■ **WHAT TO DO**:
Skip every picture, and output exactly the lines starting at the one with "2020-10-09_17-42-08" and running through the last line of the material below.

■ **DATA**:
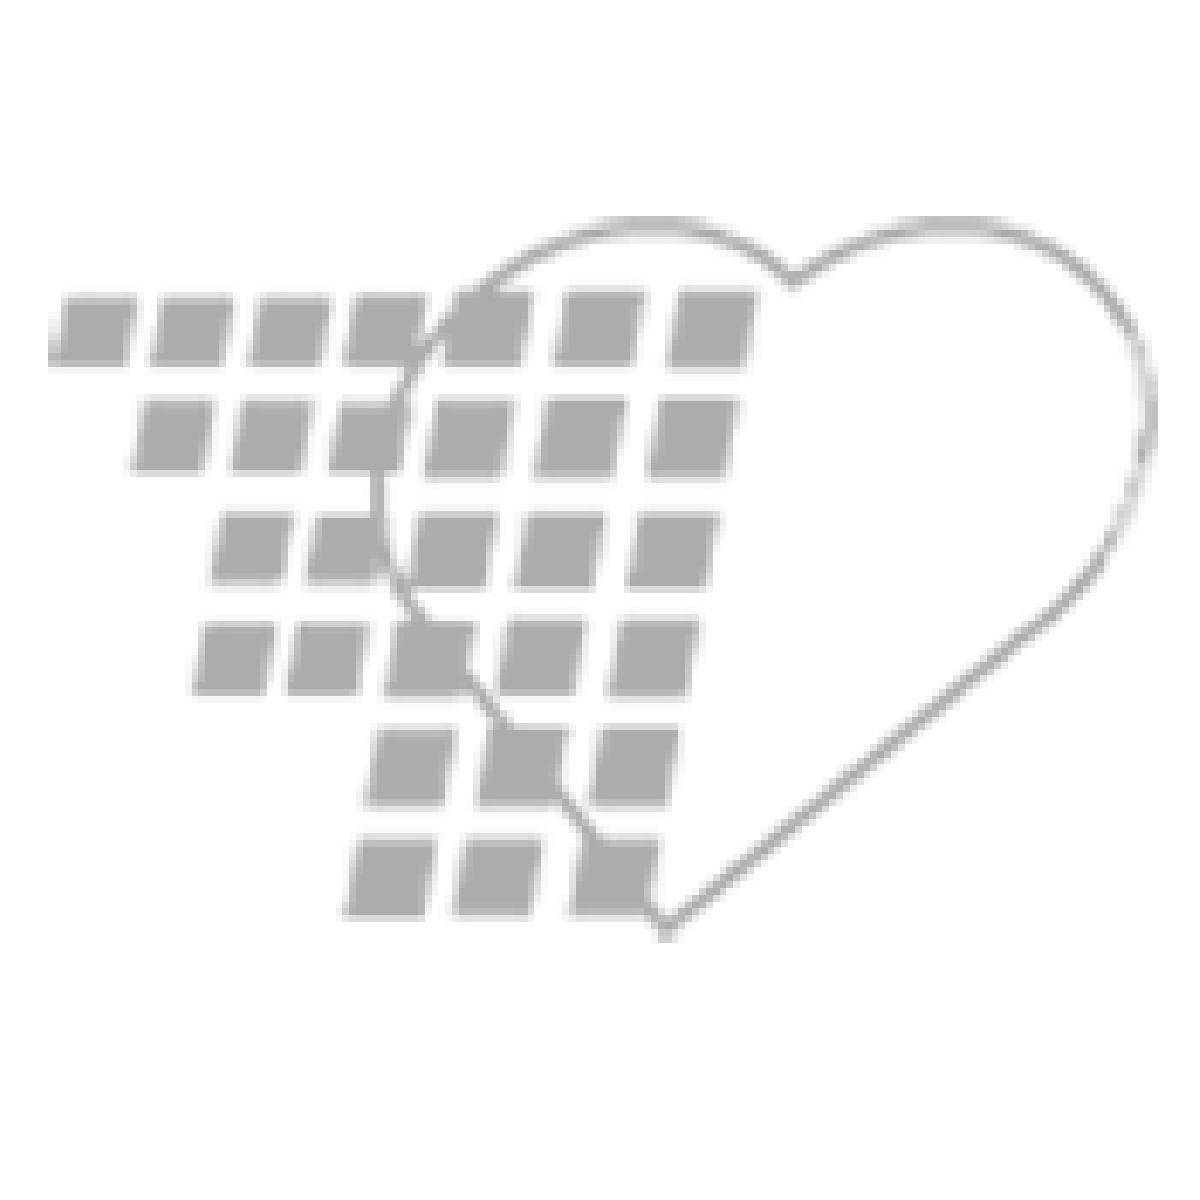 06-93-8500 - Demo Dose® Naloxon Narcn 1mg ml Response Kit
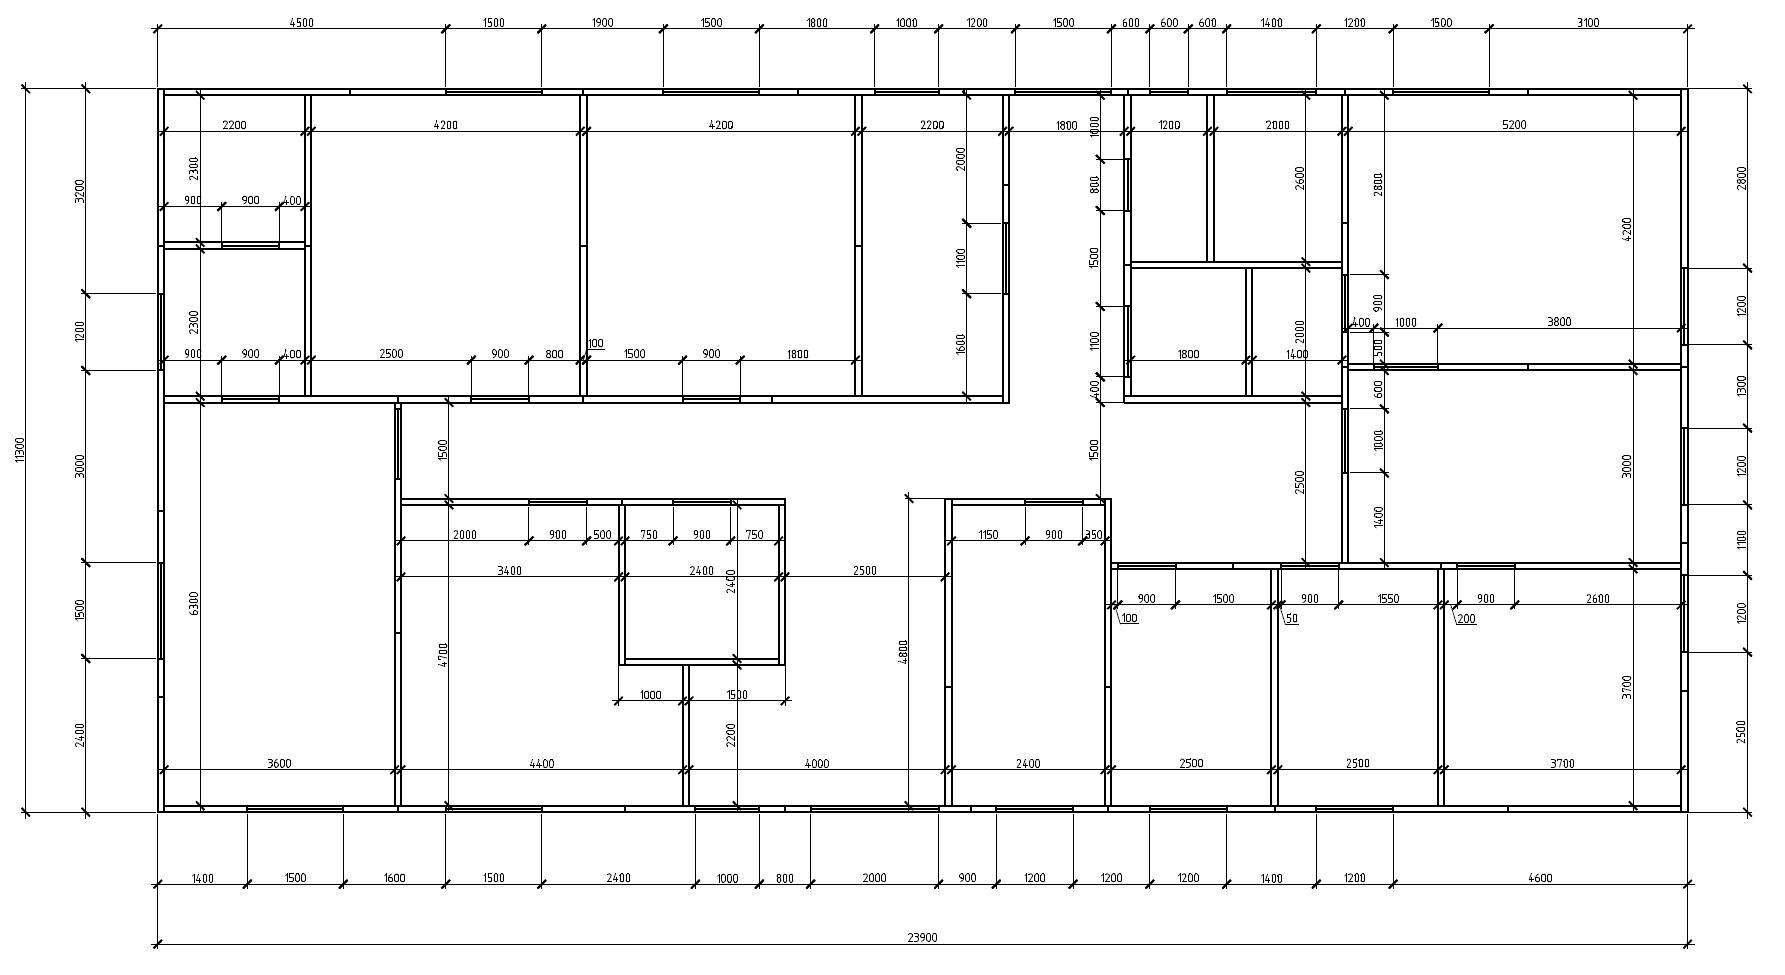 2020-10-09_17-42-08
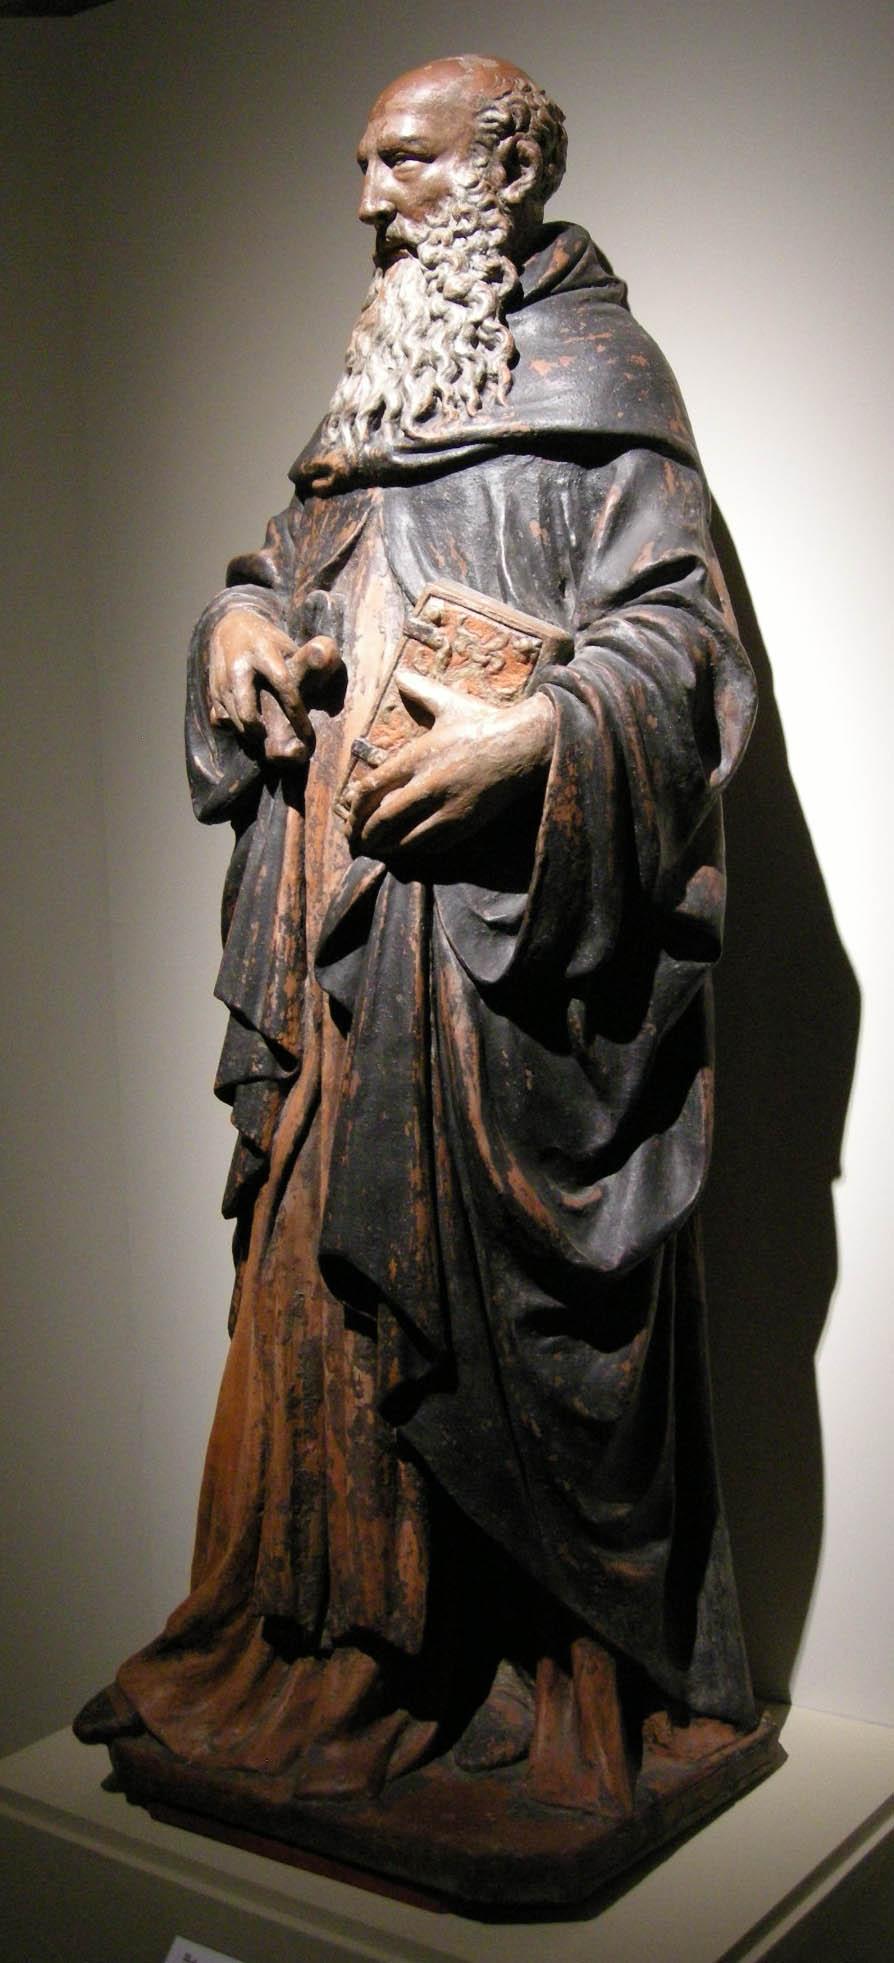 Scuola ecclesia mater sant antonio abate meditiamo dai for Arredo bimbo sant antonio abate

■ **ANSWER SPACE**:
 2020-10-09_17-42-08
 Scuola ecclesia mater sant antonio abate meditiamo dai for Arredo bimbo sant antonio abate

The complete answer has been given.